The Anthropic documentation describes this tool-use pattern in detail, where the model requests a tool, the system runs it, and the result is returned for the next decision. This loop is what separates an agent from a one-shot answer.

How is an AI agent different from a chatbot and a plain LLM?

An AI agent differs from a chatbot and a plain LLM because only the agent can take autonomous actions through tools. A chatbot talks, an LLM predicts, an agent acts. The table below compares all three.

CapabilityPlain LLMChatbotAI agent
Generates textYesYesYes
Holds a conversationNo, single callYesYes
Calls external toolsNoRarelyYes, central feature
Acts autonomously toward a goalNoNoYes
Can change external systemsNoNoYes, via tools
Main riskBad output textBad output textReal-world actions

A chatbot is often just an LLM with a conversation wrapper. An agent adds the tools and the loop that let model output trigger real effects, which is exactly where the security risk enters.

What are some examples of AI agents?

Common examples of AI agents include coding assistants, browsing agents, and email or workflow agents.
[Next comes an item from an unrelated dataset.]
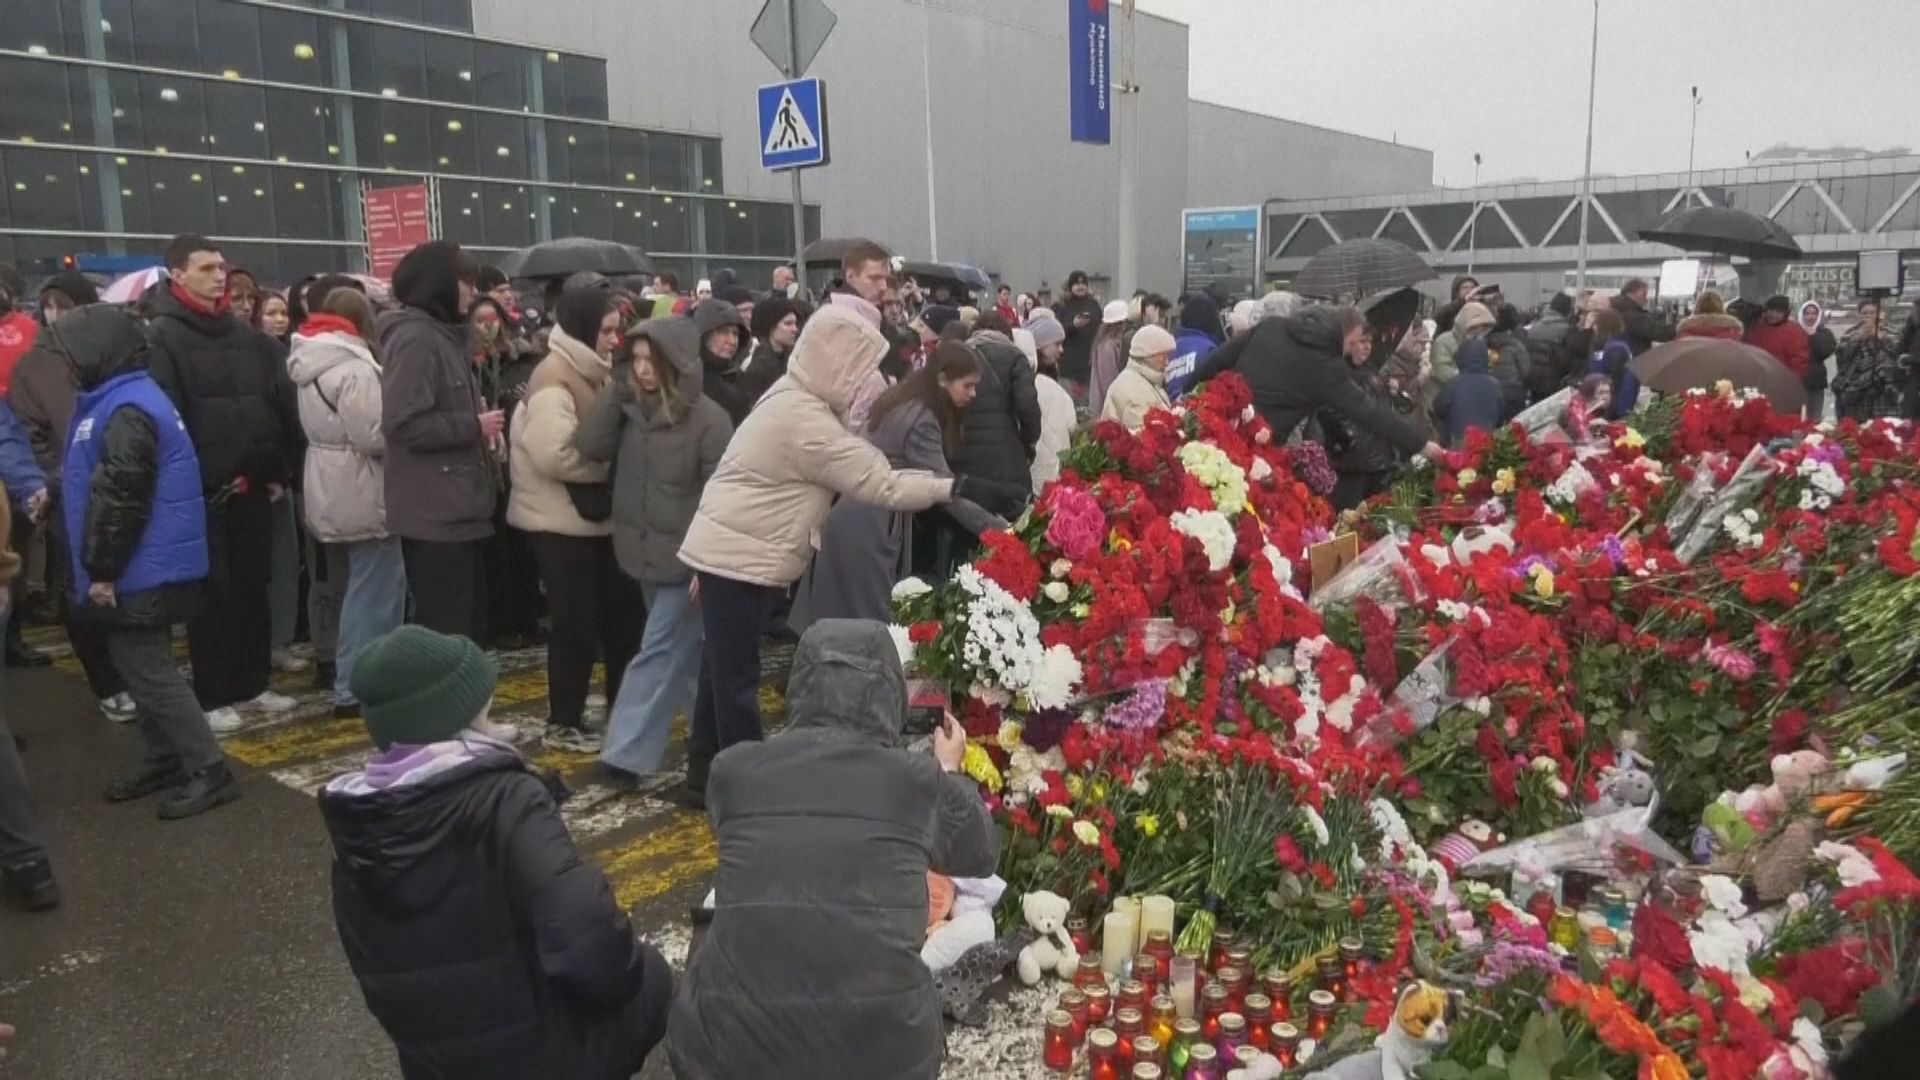 莫斯科音樂廳恐襲增至137人死亡 俄羅斯全國哀悼死難者

Each follows the same plan-and-act loop, differing only in which tools it can call. Typical examples:

  • Coding agents that read a repository, plan a change, edit files, and run tests.
  • Browsing or research agents that search the web, open pages, and gather findings.
  • Email and calendar agents that triage inboxes, draft replies, and schedule events.
  • Customer-workflow agents that look up records and update systems on a user’s behalf.
  • Data agents that query databases and assemble reports.

Each of these can act, which is useful, and also why each needs the same scrutiny applied to any system that holds real permissions.
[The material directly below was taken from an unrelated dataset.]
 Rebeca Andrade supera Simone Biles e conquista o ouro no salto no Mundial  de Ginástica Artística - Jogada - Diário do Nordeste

Why are AI agents a security concern?

AI agents are a security concern because they take real actions through tools, so a manipulated instruction can produce real consequences rather than just a bad sentence. The danger is the action the agent takes, not the text it writes. If an attacker can influence what the agent reads, for example through prompt injection, the agent may call its tools in ways the user never intended: forwarding private emails, deleting records, or leaking data.

This is why agent security is treated as its own discipline. The OWASP GenAI Security Project catalogues these risks, with excessive agency and prompt injection ranking high in the OWASP LLM Top 10. National bodies such as the NIST AI programme likewise stress controlling autonomy and validating actions. The practical defence is least privilege: give an agent only the tools and permissions it genuinely needs. Read least-privilege for AI agents for how to scope that down.

Where to go next

Now that you know what an AI agent is, see how agents connect to tools safely in what is MCP and MCP security best practices. For the risks that follow from autonomy, read excessive agency explained and the OWASP LLM Top 10 hub. Browse more in the guides library and the tools directory.
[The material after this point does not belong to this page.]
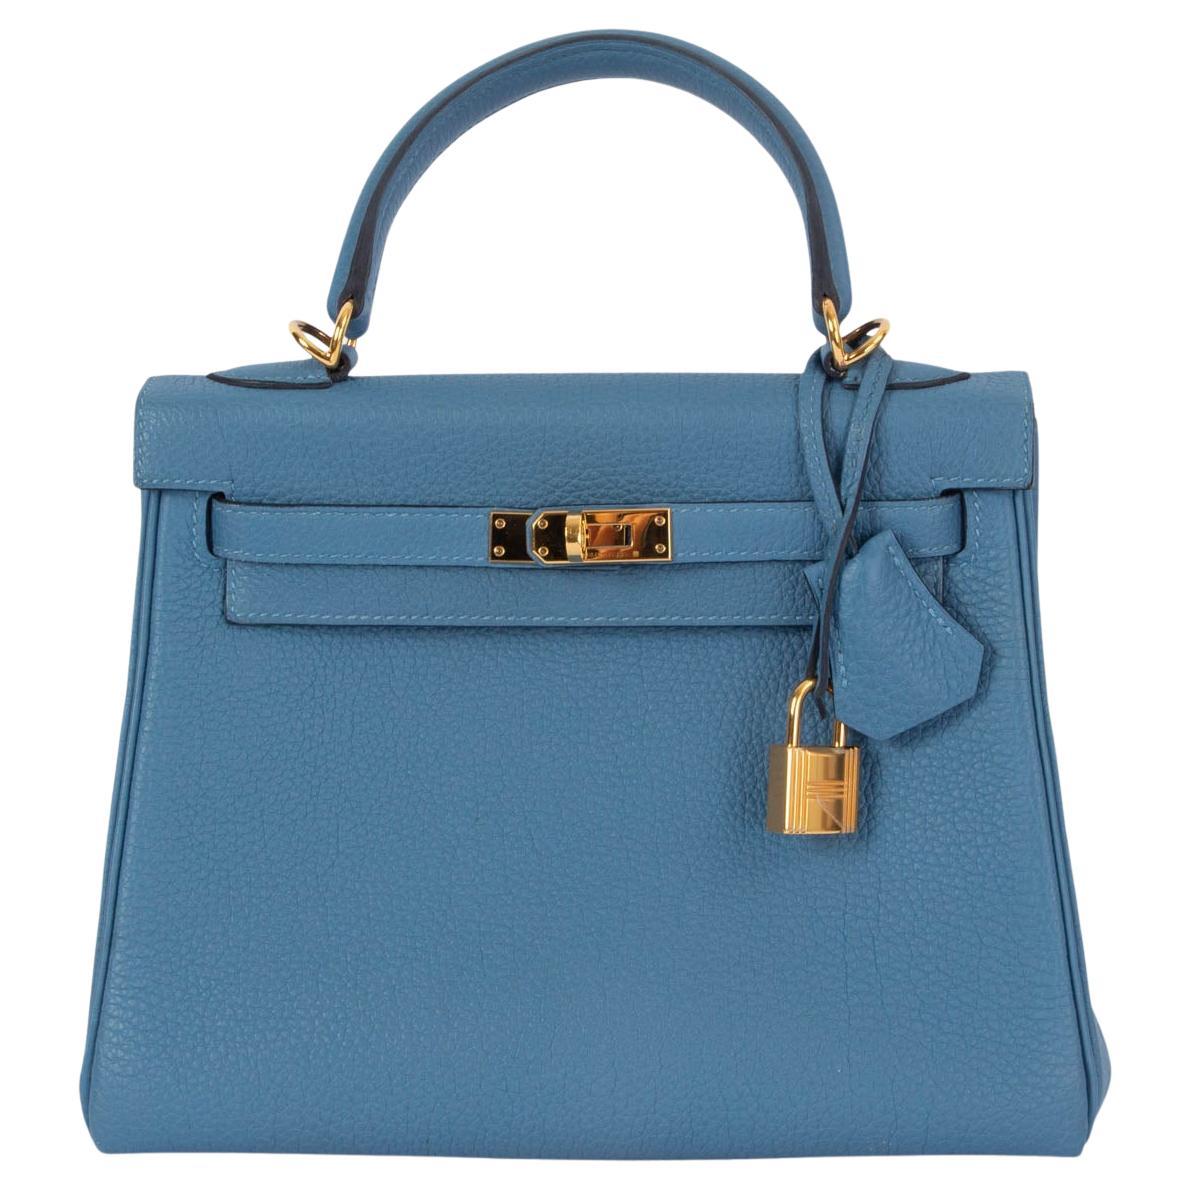 HERMES Azur blue Togo leather KELLY 25 RETOURNE Bag w Gold

Frequently asked questions

What is an AI agent in simple terms?

An AI agent is a program built around a large language model that can plan toward a goal and take real actions to reach it, such as searching the web, calling an API, or editing a file, instead of only producing text.

Is an AI agent the same as a chatbot?

No. A chatbot only generates replies in a conversation. An AI agent uses a model to decide on and execute actions through tools, so it can change the world outside the chat, which a plain chatbot cannot do.

What is the difference between an AI agent and an LLM?

An LLM is the underlying model that predicts text. An AI agent is the wider system that wraps the LLM with tools, memory, and a control loop so the model's output drives real actions autonomously.

Does 'AI agent' mean a real-estate or insurance agent?

No. In this context an AI agent is software powered by a language model, not a human estate agent, insurance agent, or support agent. The word 'agent' is shared but the meanings are unrelated.

Why are AI agents a security concern?

Because agents take real actions through tools, a single manipulated instruction can trigger consequences like sending emails, deleting records, or leaking data. The risk is the action, not just the text, which makes agents far riskier than chatbots.